A different way to see this problem:
jdemeyer@boxen:/release/merger/sage-5.9.beta2$ ./sage --sh -c 'echo syntax error |ecl 2>/dev/full' ECL (Embeddable Common-Lisp) 12.12.1 (git:UNKNOWN) Copyright (C) 1984 Taiichi Yuasa and Masami Hagiya Copyright (C) 1993 Giuseppe Attardi Copyright (C) 2000 Juan J. Garcia-Ripoll ECL is free software, and you are welcome to redistribute it under certain conditions; see file 'Copyright' for details. Type :h for Help. Top level. > /bin/bash: line 1: 11264 Done echo syntax error 11265 Segmentation fault | ecl 2> /dev/full
upstream bug: https://gitlab.com/embeddable-common-lisp/ecl/issues/43
spkg: http://boxen.math.washington.edu/home/jdemeyer/spkg/ecl-12.12.1.p2.spkg (diff)

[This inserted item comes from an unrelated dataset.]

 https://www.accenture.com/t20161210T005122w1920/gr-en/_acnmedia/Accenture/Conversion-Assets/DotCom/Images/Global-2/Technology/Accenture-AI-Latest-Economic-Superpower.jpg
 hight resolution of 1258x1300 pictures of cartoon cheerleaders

apply: 14426_doctest.patch
ecl-12.12.1.p2 (Jeroen Demeyer, 9 April 2013)
- #14426: write_error.patch: avoid an infinite loop when reporting an error while writing to stderr.
- Rename spkg-make to spkg-src.
- Don't unset MAKEFLAGS (it was not clear why this was needed).

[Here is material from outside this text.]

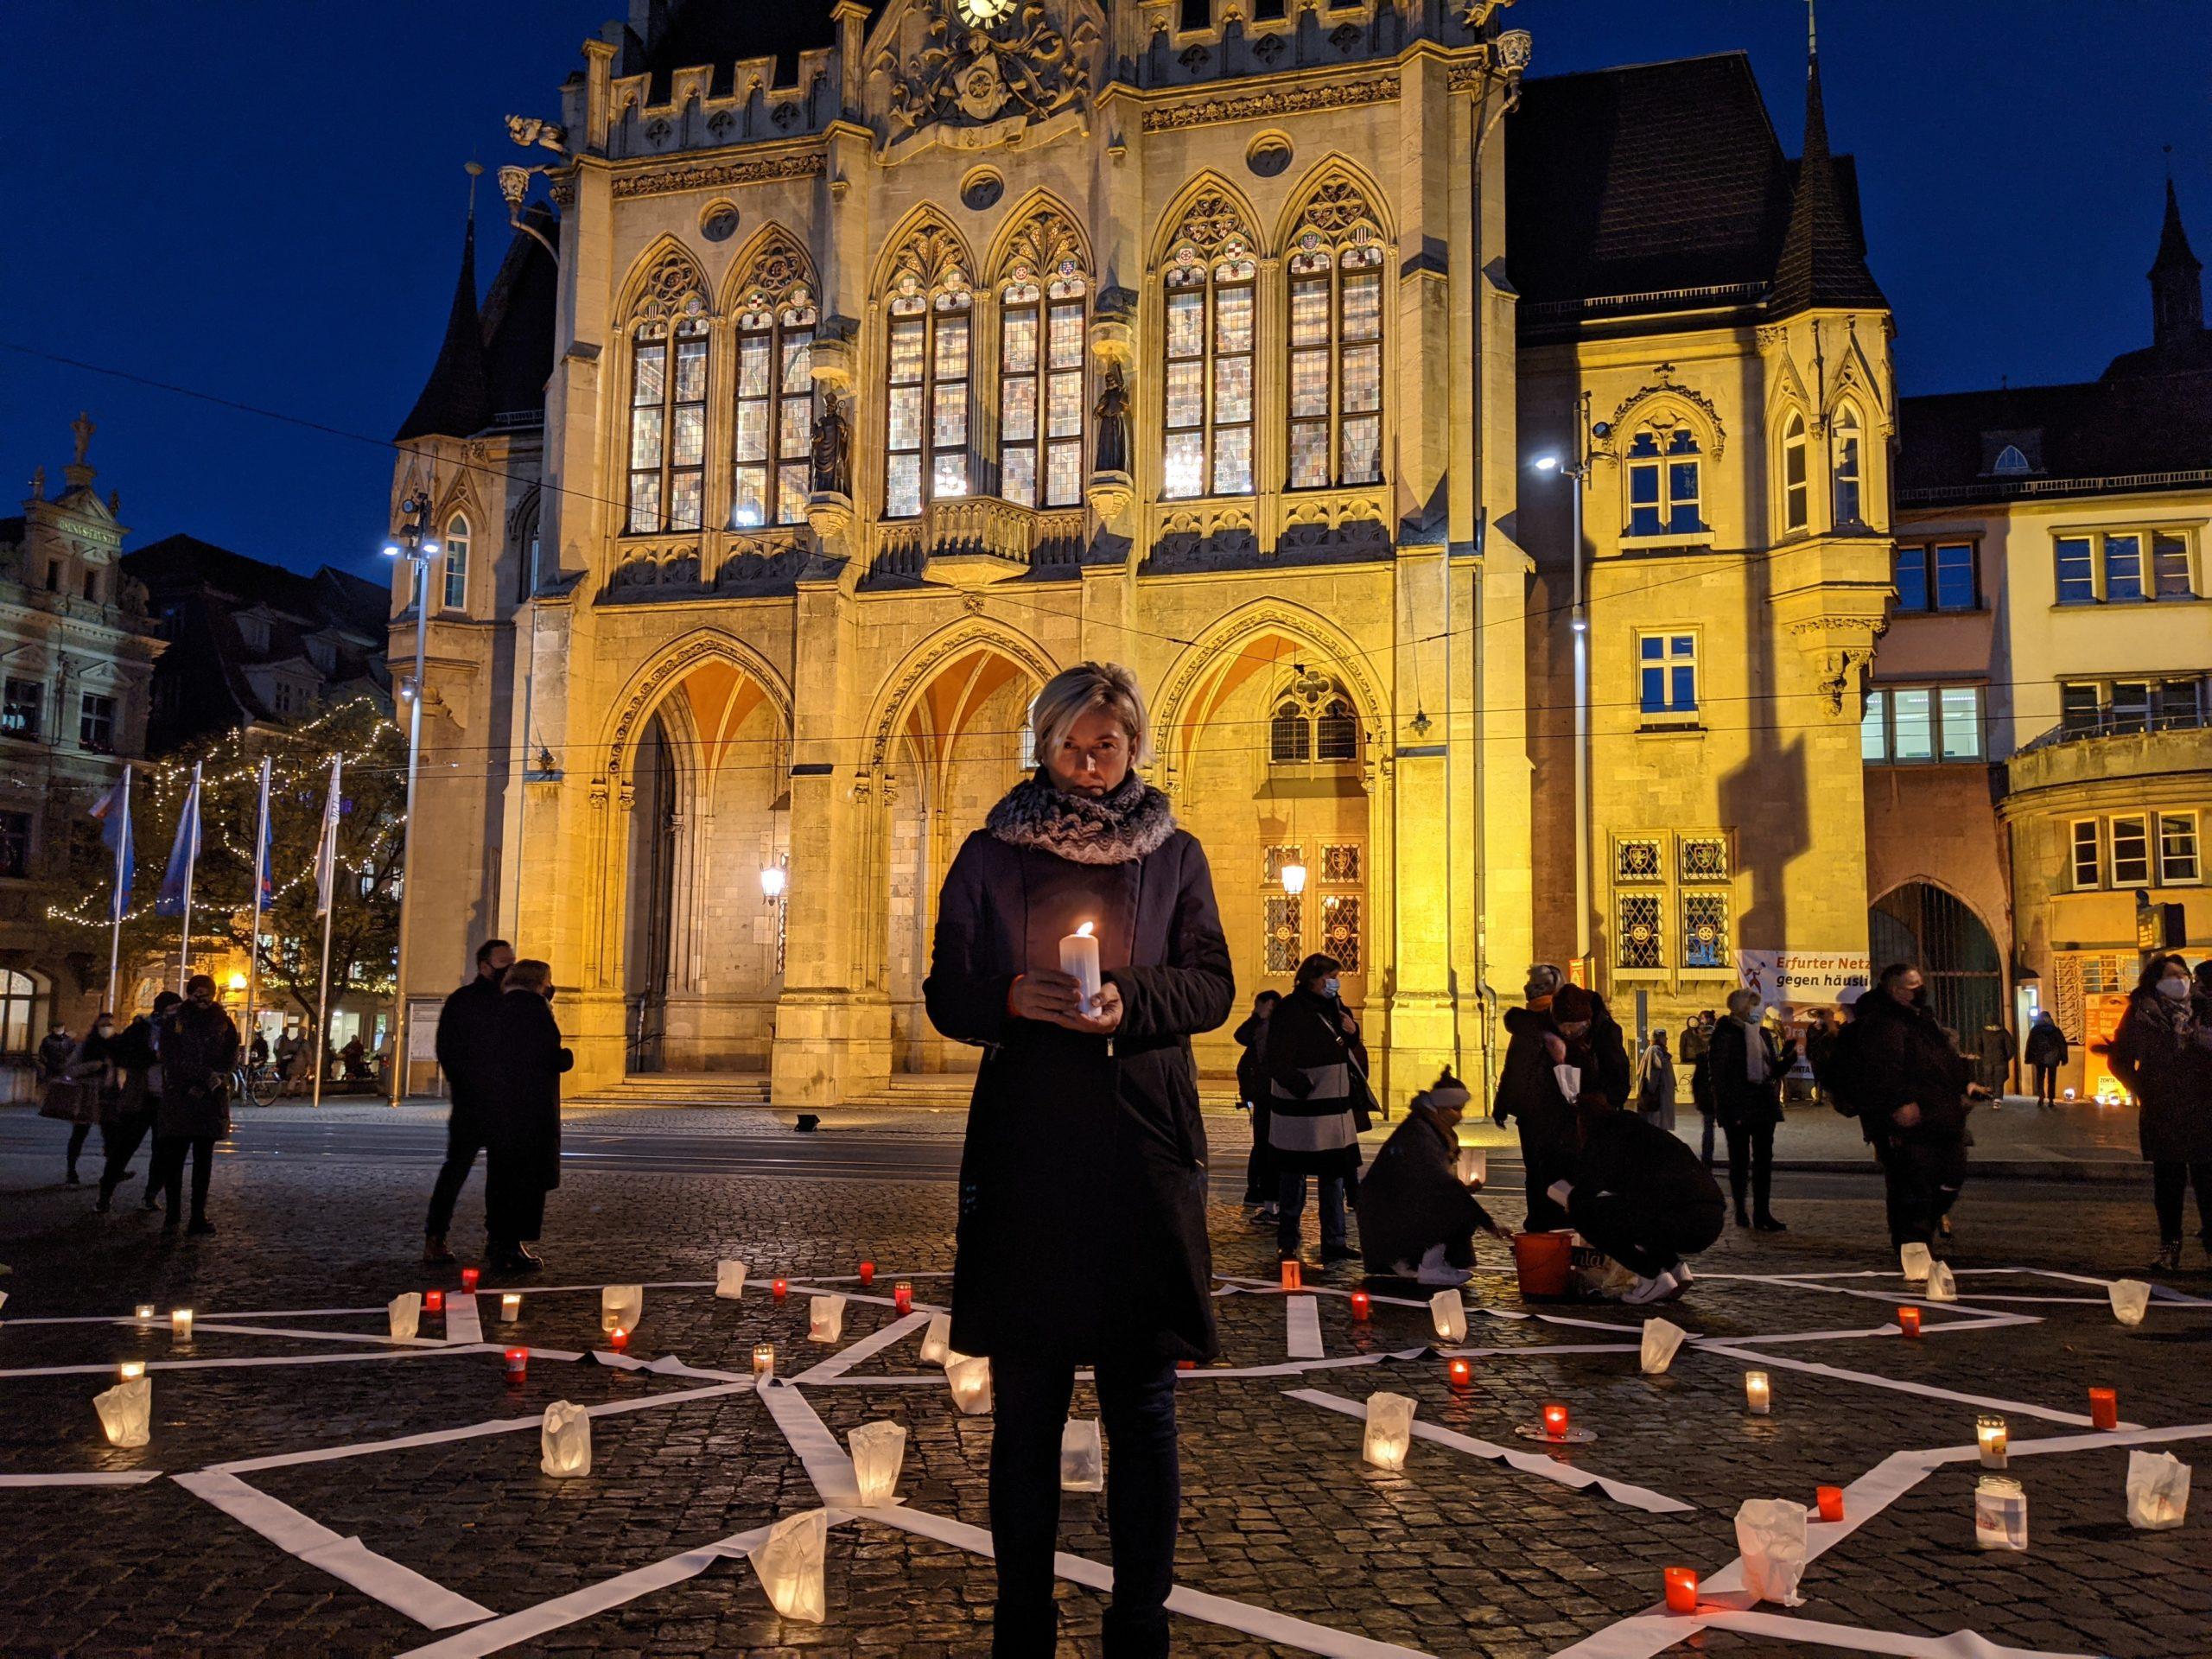 Kerzenaktion zum Internationalen Tag gegen Gewalt an Frauen

- It seems no longer needed to disable Altivec.
- Support ECL_CONFIGURE environment variable for options to ./configure.
Attachments (2)
Change History (46)
comment:1 Changed 9 years ago by
- Description modified (diff)
- Summary changed from Runaway ECL processes to Runaway/Segfaulting ECL processes
comment:2 Changed 9 years ago by
- Description modified (diff)
comment:3 Changed 9 years ago by
- Description modified (diff)
comment:4 Changed 9 years ago by
- Component changed from doctest framework to packages: standard
- Description modified (diff)
- Owner changed from roed to jdemeyer
comment:5 Changed 9 years ago by
- Description modified (diff)
comment:6 Changed 9 years ago by
- Description modified (diff)
- Report Upstream changed from N/A to Reported upstream. No feedback yet.

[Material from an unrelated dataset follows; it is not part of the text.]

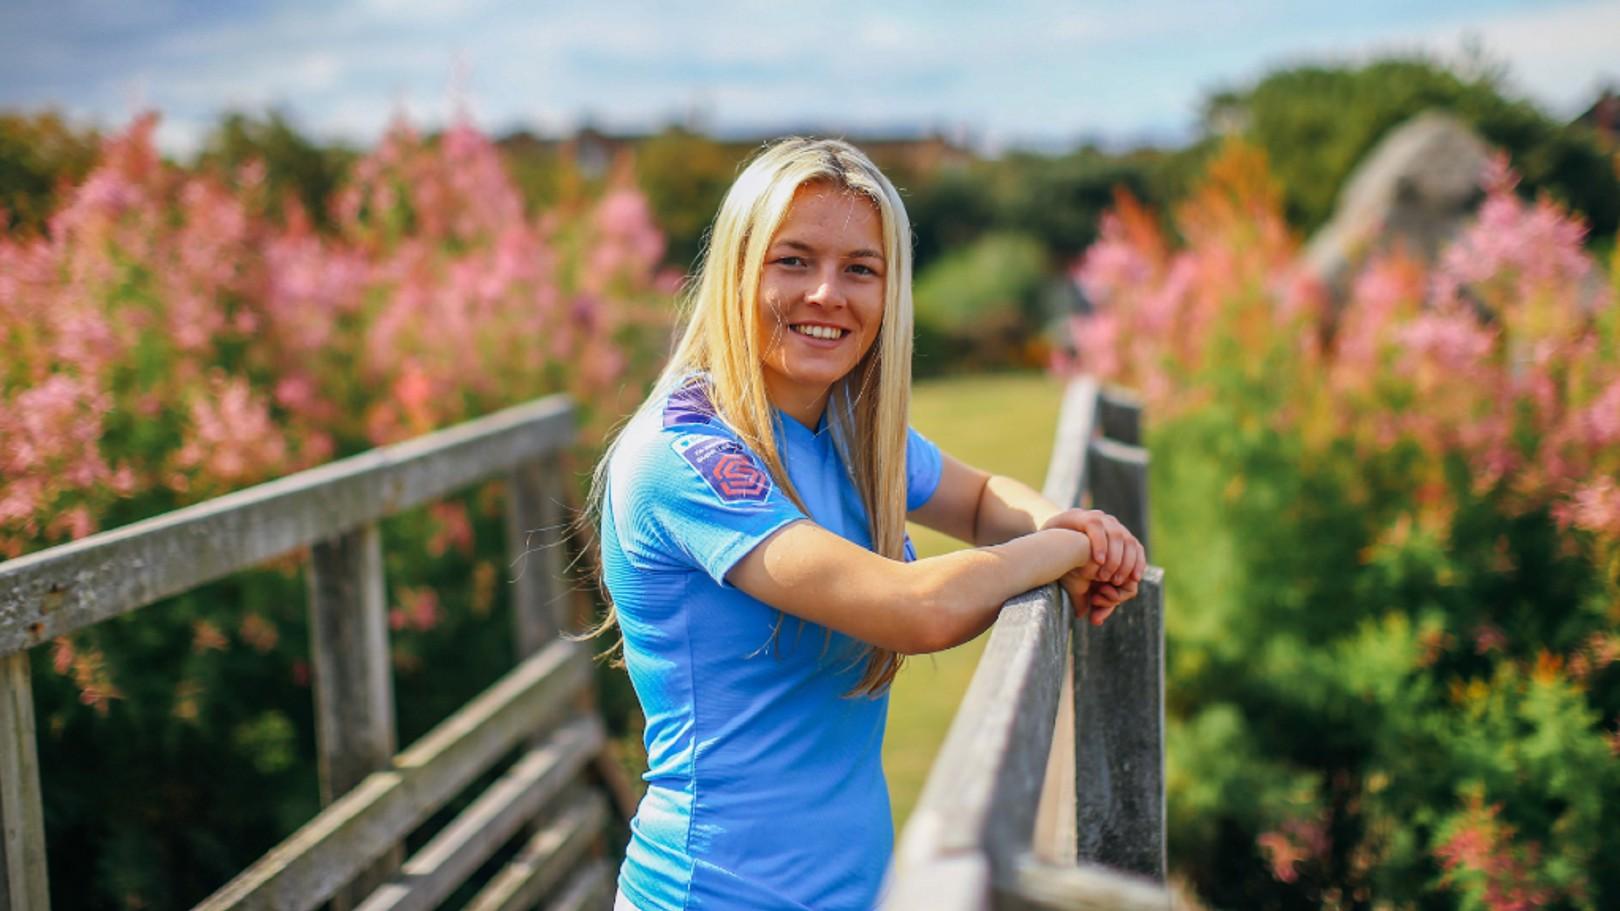 HEMP DAY: Lauren Hemp is ready to show what she can do

- Status changed from new to needs_review
comment:7 Changed 9 years ago by
- Description modified (diff)
comment:8 Changed 9 years ago by
comment:9 Changed 9 years ago by
- Cc leif added
comment:10 Changed 9 years ago by
Isn't the problem also that PExpect interfaces apparently do not properly get shut down?
The bug / patch should be (better) documented in the spkg; AFAICS there's not even a link to the upstream report there.
comment:11 Changed 9 years ago by
Fixes the problem for me!
comment:12 follow-up: ↓ 13 Changed 9 years ago by
I installed the spkg and patch and now almost no file can be doctested successfully. For example
File "/home/jec/sage-5.9.beta4/local/lib/python2.7/site-packages/sage/interfaces/maxima_lib.py", line 80, in <module> ecl_eval("(require 'maxima)") File "ecl.pyx", line 1225, in sage.libs.ecl.ecl_eval (sage/libs/ecl.c:7102) File "ecl.pyx", line 1240, in sage.libs.ecl.ecl_eval (sage/libs/ecl.c:7039) File "ecl.pyx", line 246, in sage.libs.ecl.ecl_safe_eval (sage/libs/ecl.c:2901) RuntimeError: ECL says: Module error: Don't know how to REQUIRE MAXIMA.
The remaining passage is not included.